- RAW DATA -
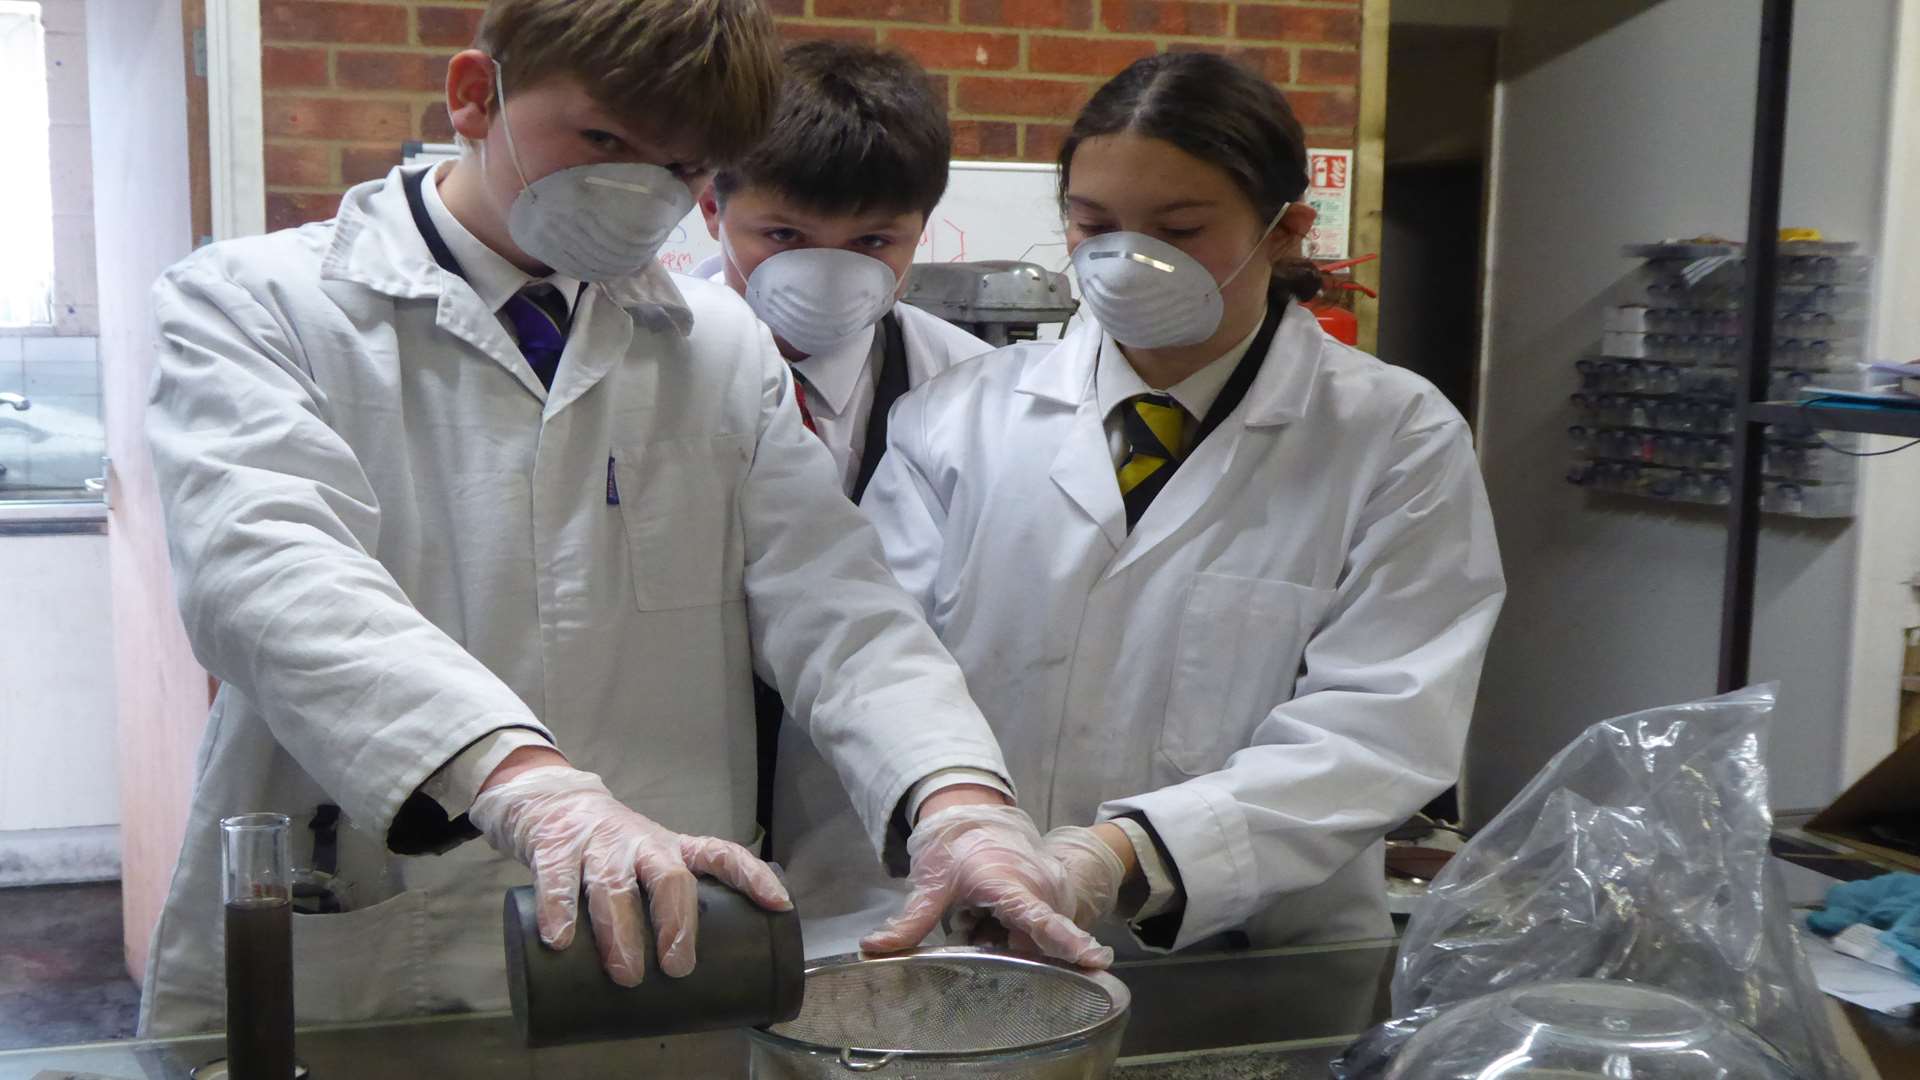 The Graphene Water Filter team from Canterbury High School will be taking part in the KM Bright Spark Awards. Left to right: Auryn Memmott, Jack Wimble-Roberts and Alice Shaw.
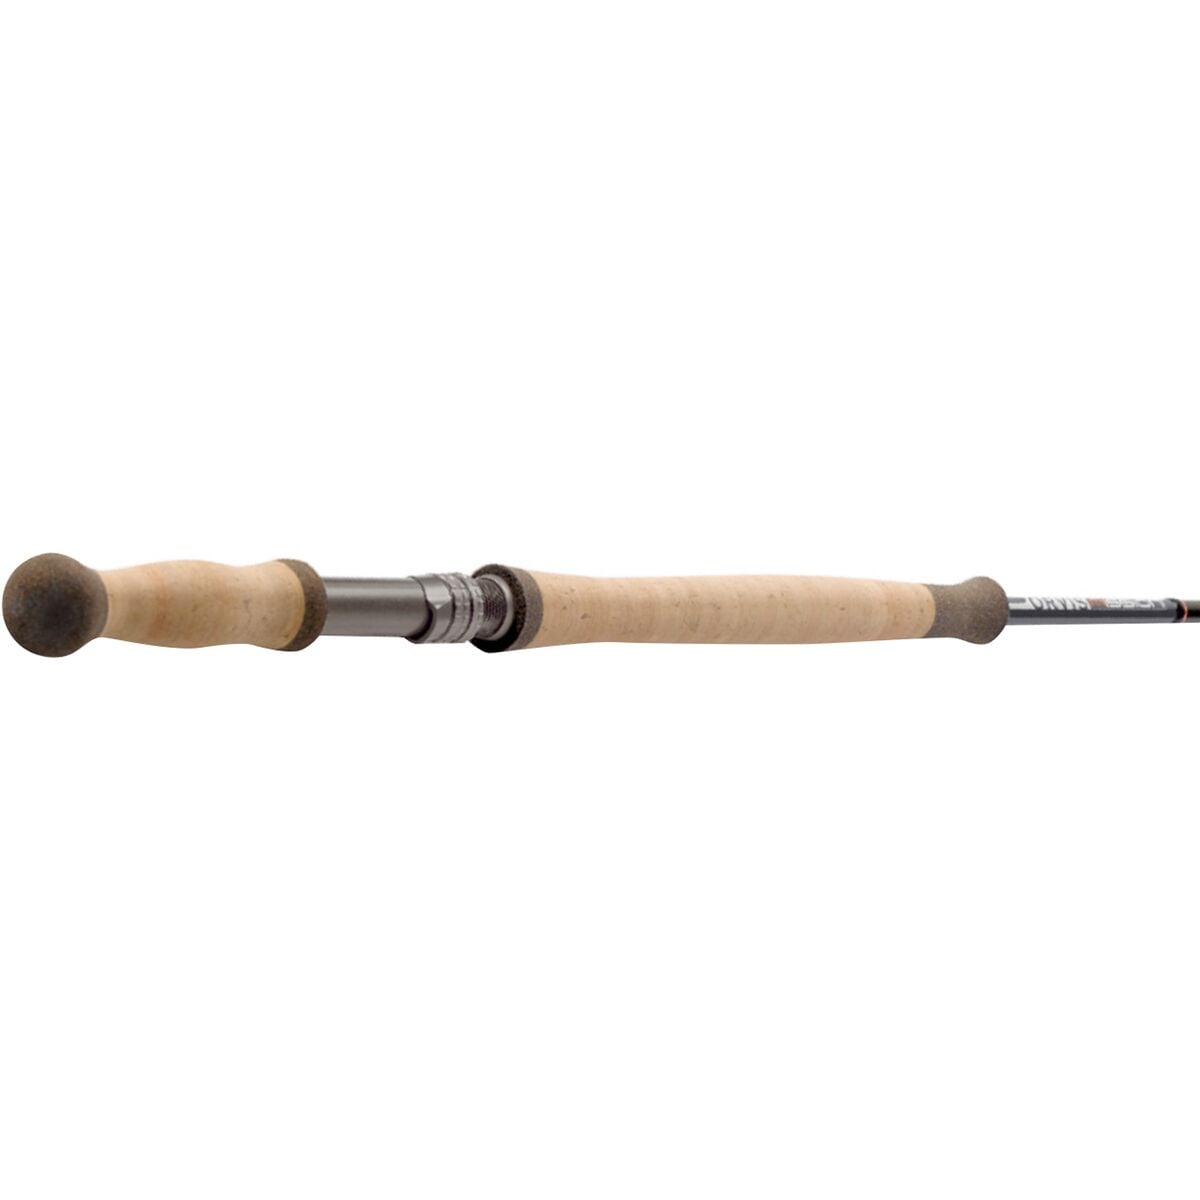 Orvis Mission Fly Rod - 4-Piece
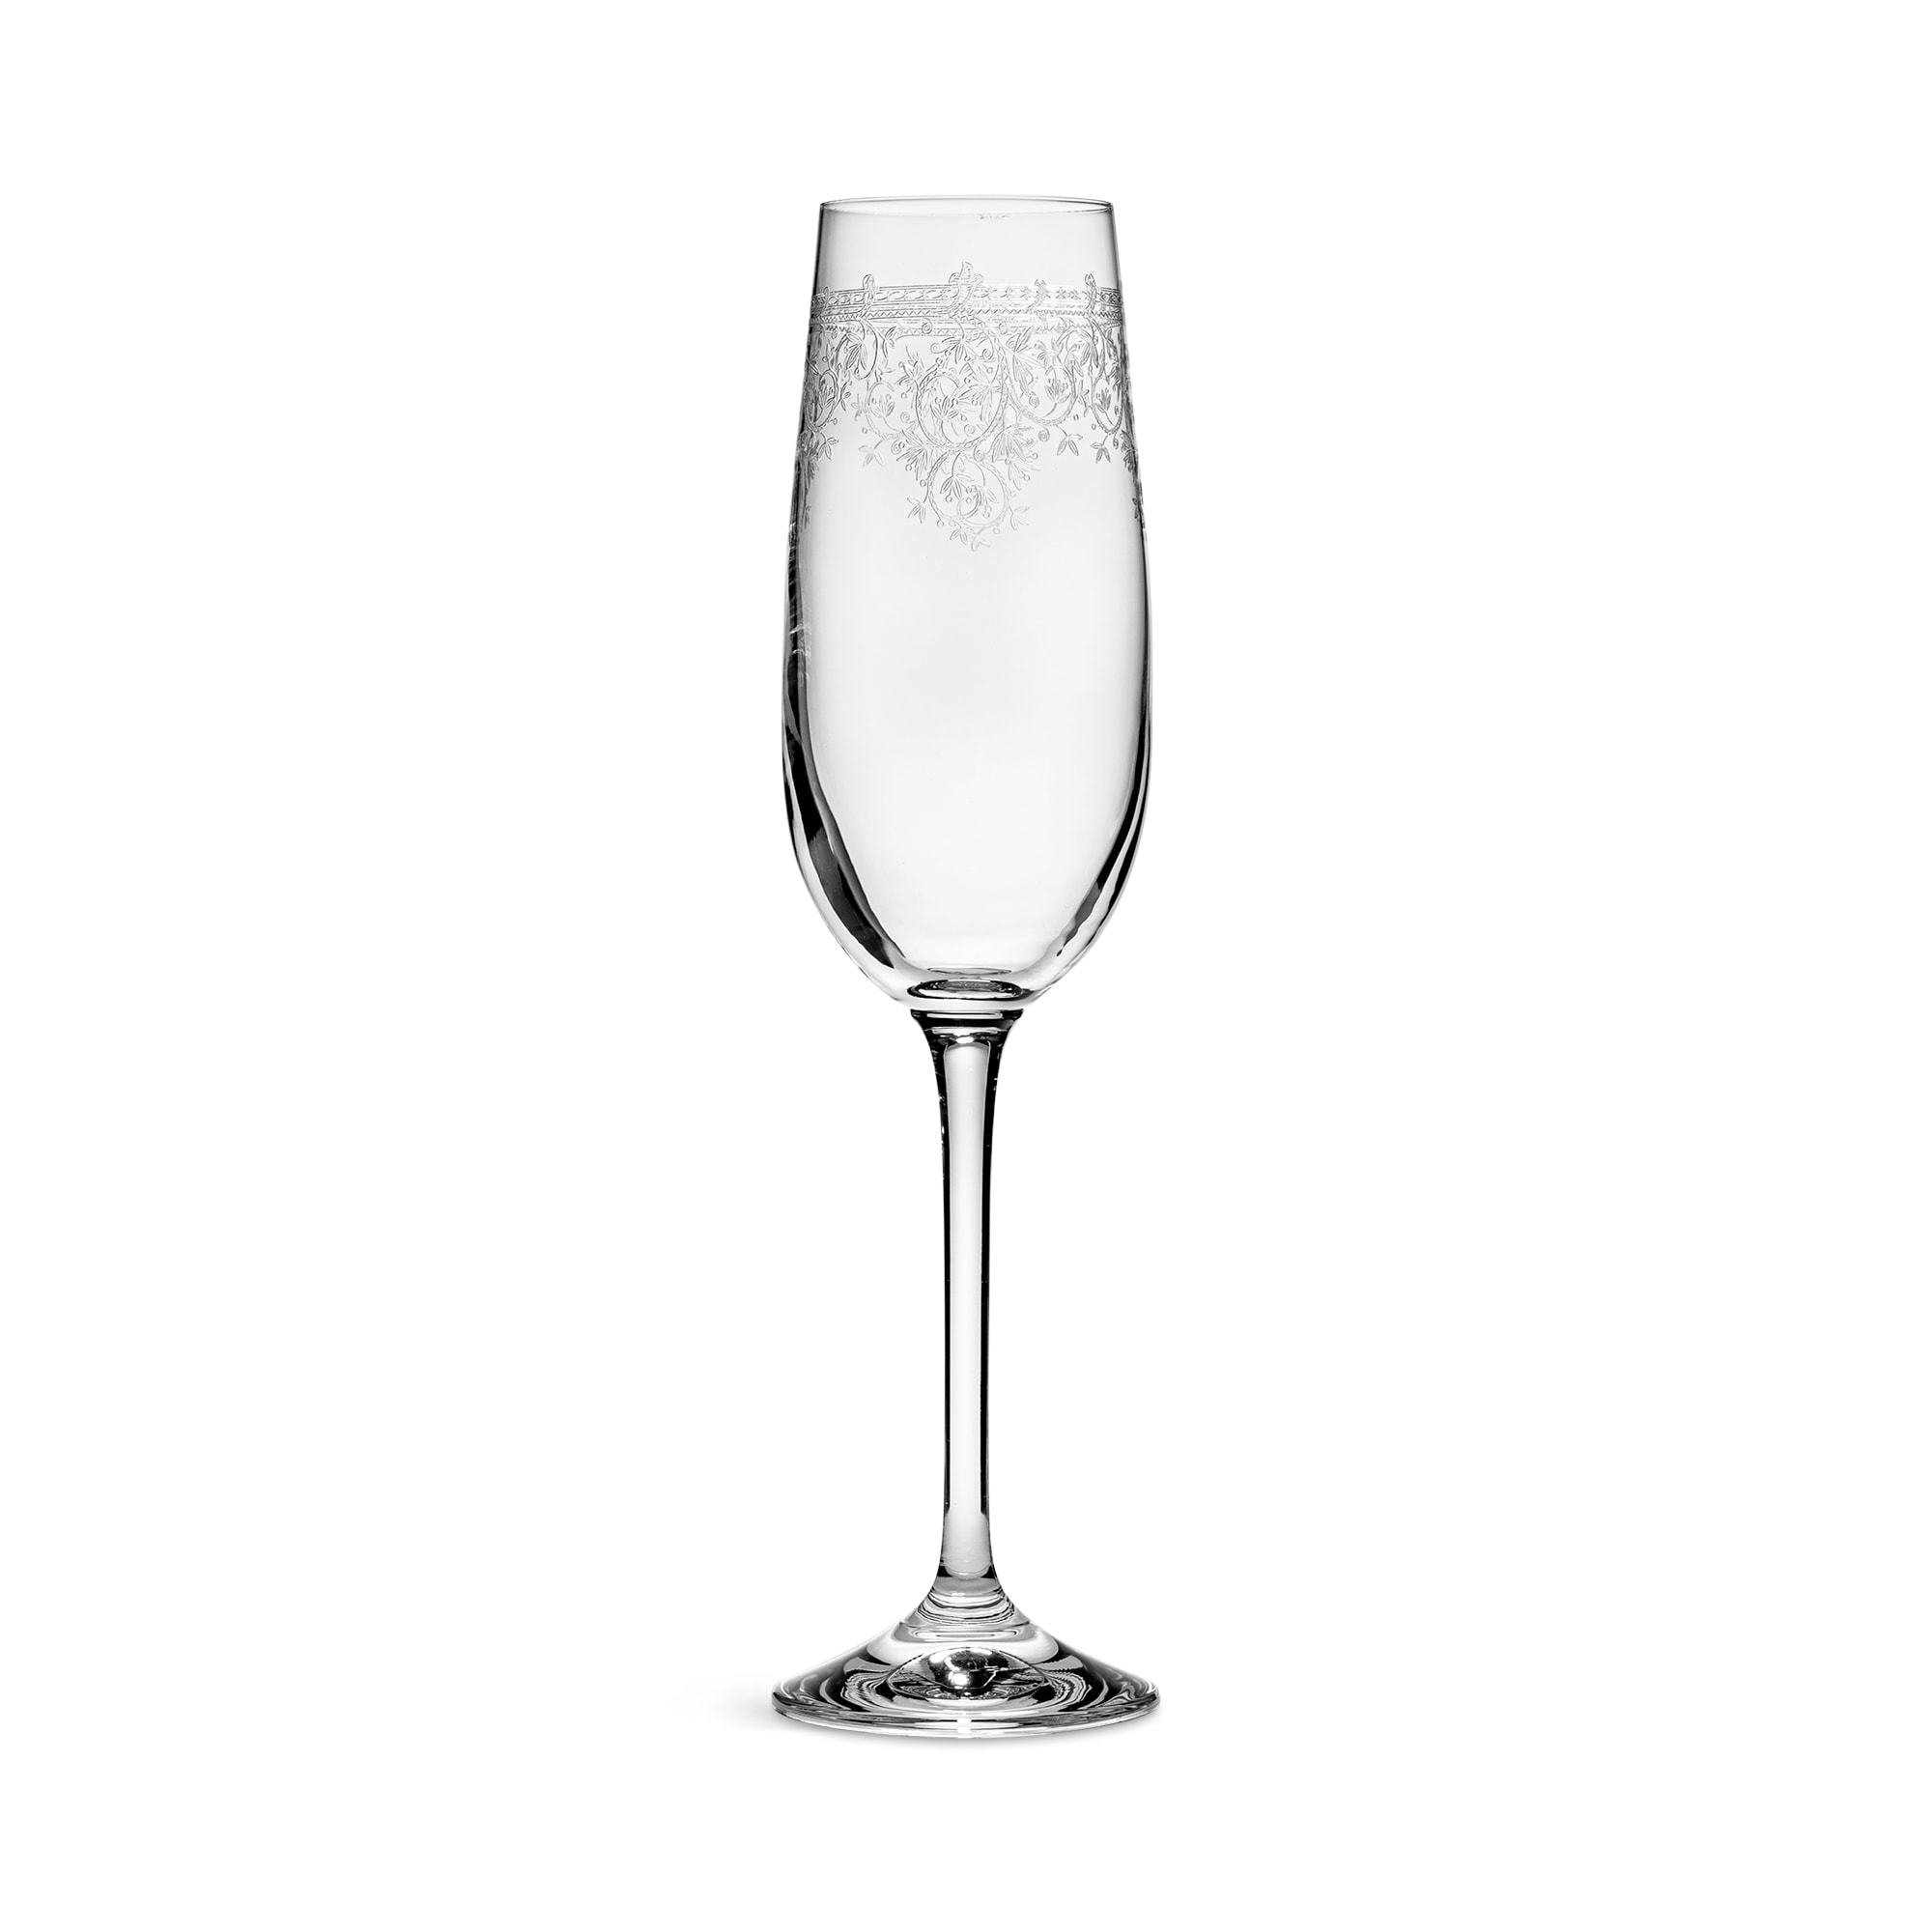 Champagne flute Tipsy Turvy Bubbly 180ml, set of 6 - Champagneglas

- TASK STATEMENT -
Without including any image, reproduce the full listing above as written.

- PROBLEM SOLUTION -
 The Graphene Water Filter team from Canterbury High School will be taking part in the KM Bright Spark Awards. Left to right: Auryn Memmott, Jack Wimble-Roberts and Alice Shaw.
 Orvis Mission Fly Rod - 4-Piece
 Champagne flute Tipsy Turvy Bubbly 180ml, set of 6 - Champagneglas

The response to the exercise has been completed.